Speaking of delays: the place that knows about new relays first is each directory authority. Not only that, but they know also what IP address the relay is exiting from, since that's where the relay publishes its descriptor from. E.g.,
@uploaded-at 2013-05-12 16:57:35 @source "173.246.102.12" router nthdimension 173.246.101.241 443 0 0 [...]
Seems like this info could provide an alternative, simpler way to generate the exit-addresses file: https://exitlist.torproject.org/exit-addresses
which if we're doing our modularity right, should be the input to the various other scripts.
Interesting. Haven't thought of using that information. metrics-db even has this information available from gabelmoo, because it rsyncs gabelmoo's cached-* files (and v3-status-votes) once per hour. But metrics-db discards all descriptor annotations so far.
However, I don't think this information can replace the information we learn from TorDNSEL or TorBEL. Some concerns:
- Relays may exit from more than just one IP address, but the directory authorities would only see at most one of these addresses. Here's an exit list entry with two exit IP addresses:
ExitNode 49A75EE0B80C1963482FDDFCE579D1A0C568D8BB Published 2013-05-12 20:59:32 LastStatus 2013-05-12 22:02:59 ExitAddress 46.165.221.166 2013-05-12 22:03:11 ExitAddress 46.166.163.169 2013-05-12 22:03:11
- The directory authorities sometimes download descriptors they don't have from other directory authorities. In that case we don't learn the IP address that the relay exits from. Here's an example:
@downloaded-at 2013-05-12 18:50:10 @source "154.35.32.5"

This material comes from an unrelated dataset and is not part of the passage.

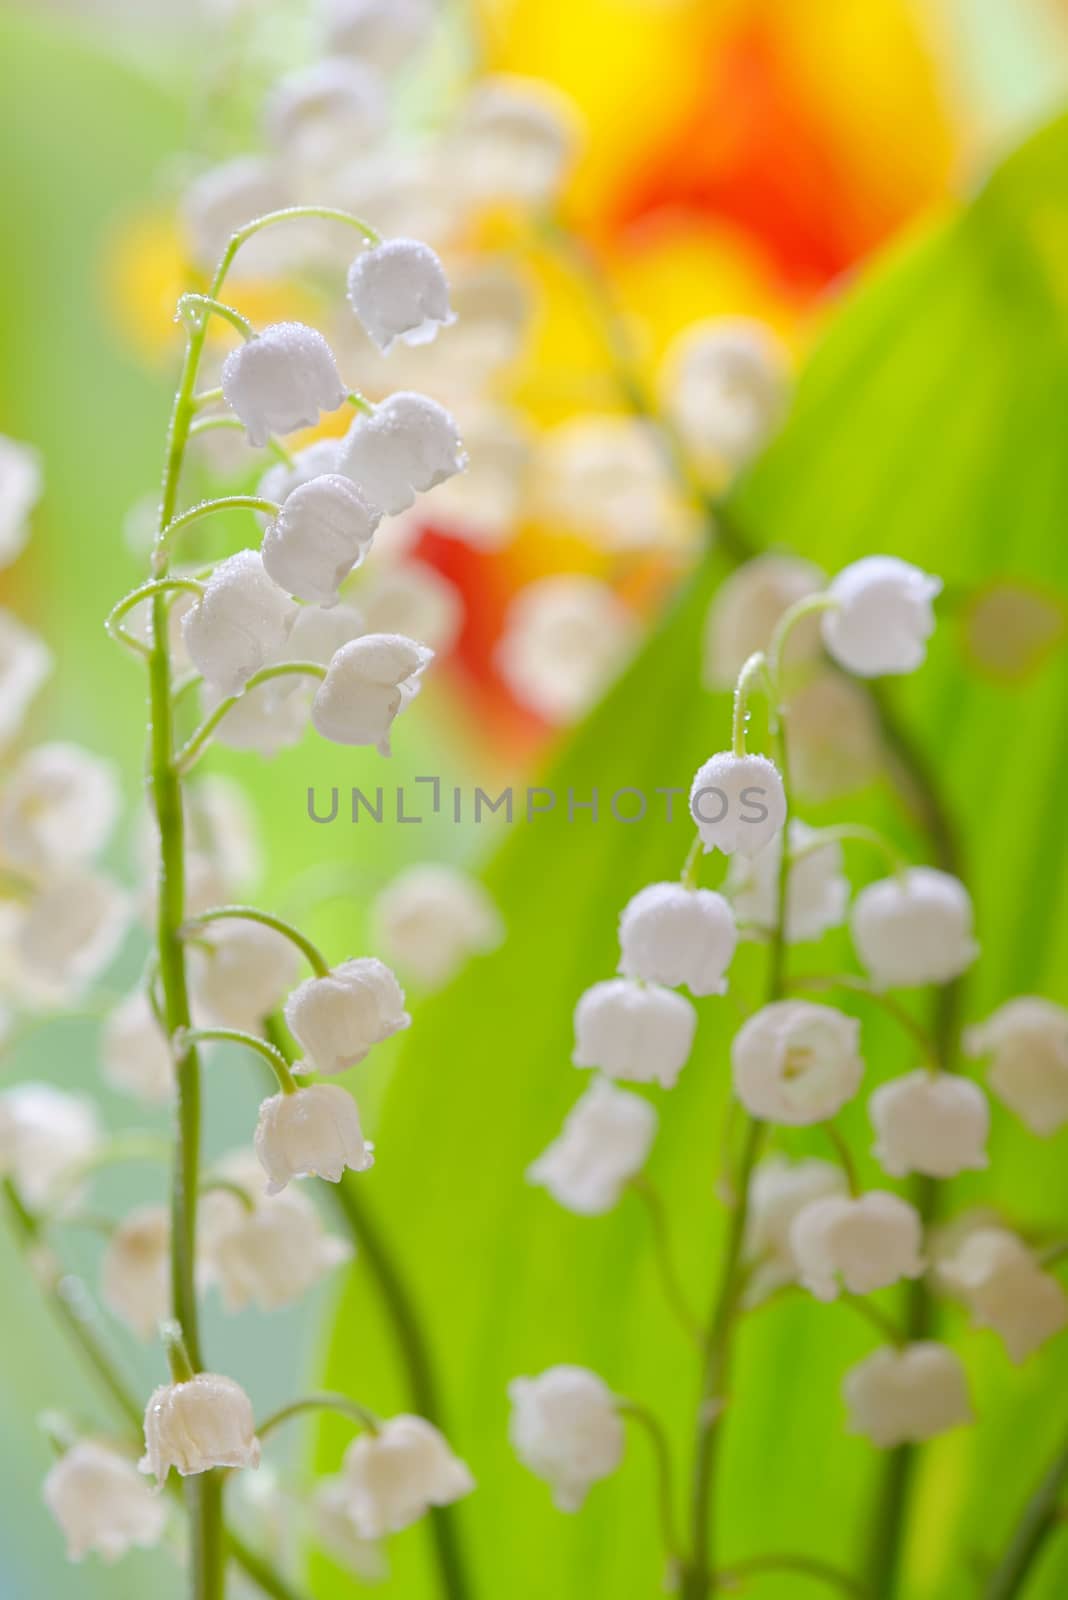 Lily of the valley (convallaria majalis) by jordachelr

- The directory authorities are indeed the first to learn these source IP addresses. But we probably don't want arbitrary services to query the authorities frequently for their cached descriptors to learn their annotations. That means we'd have to aggregate and cache this information at another place, which introduces a delay.
I guess I should make a trac ticket of this idea. But which component? We sure seem to have a lot of projects that overlap tordnsel / torbel in some way.

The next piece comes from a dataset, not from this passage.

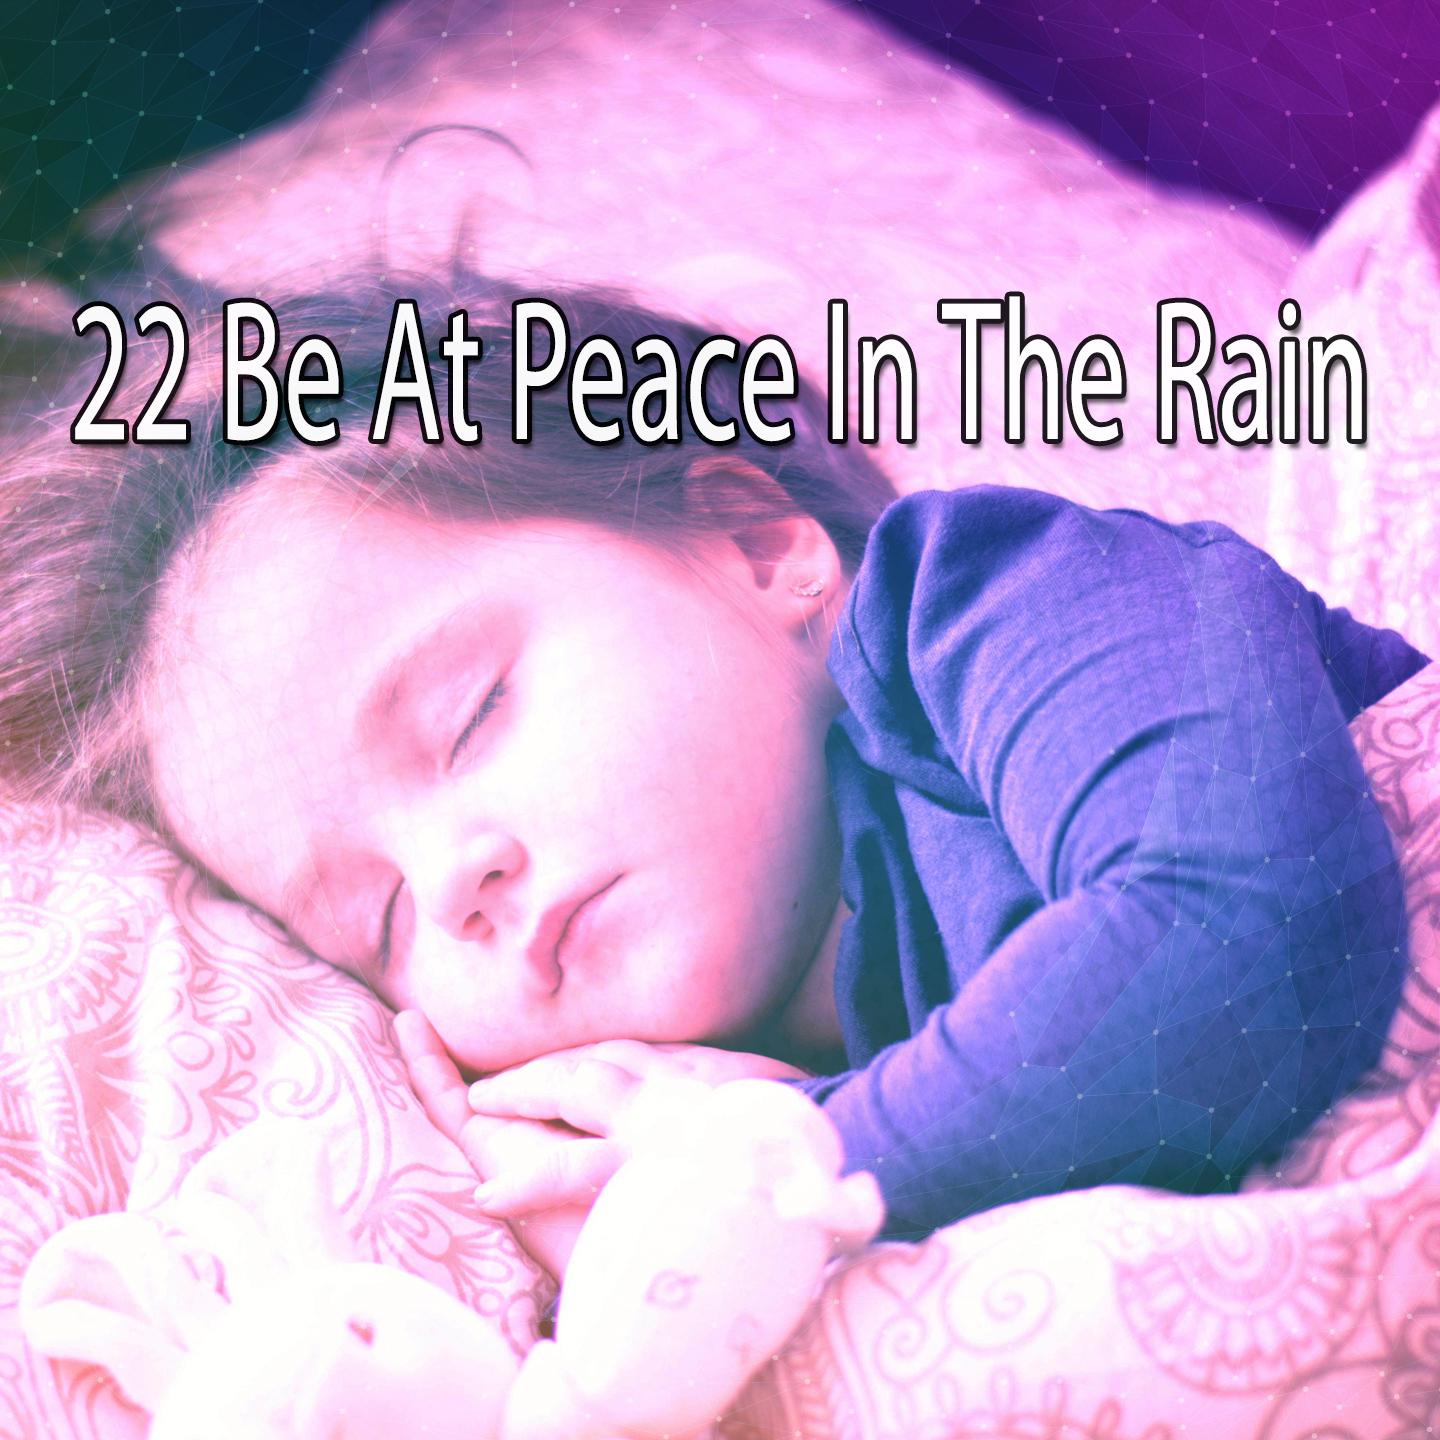 22 Be At Peace In The Rain

For now, I'd say it's an "Analysis" ticket, because we don't yet know how to use this information. If you want to make a ticket, I'll paste my concerns above there.
And you're right that Onionoo overlaps with TorDNSEL/TorBEL to a certain extent. Or rather, it uses their data and presents them in a more convenient way. This wasn't planned, and it would be better if TorDNSEL/TorBEL had a more convenient interface that people could use instead. Until that's the case, people can easily use Onionoo.
Best, Karsten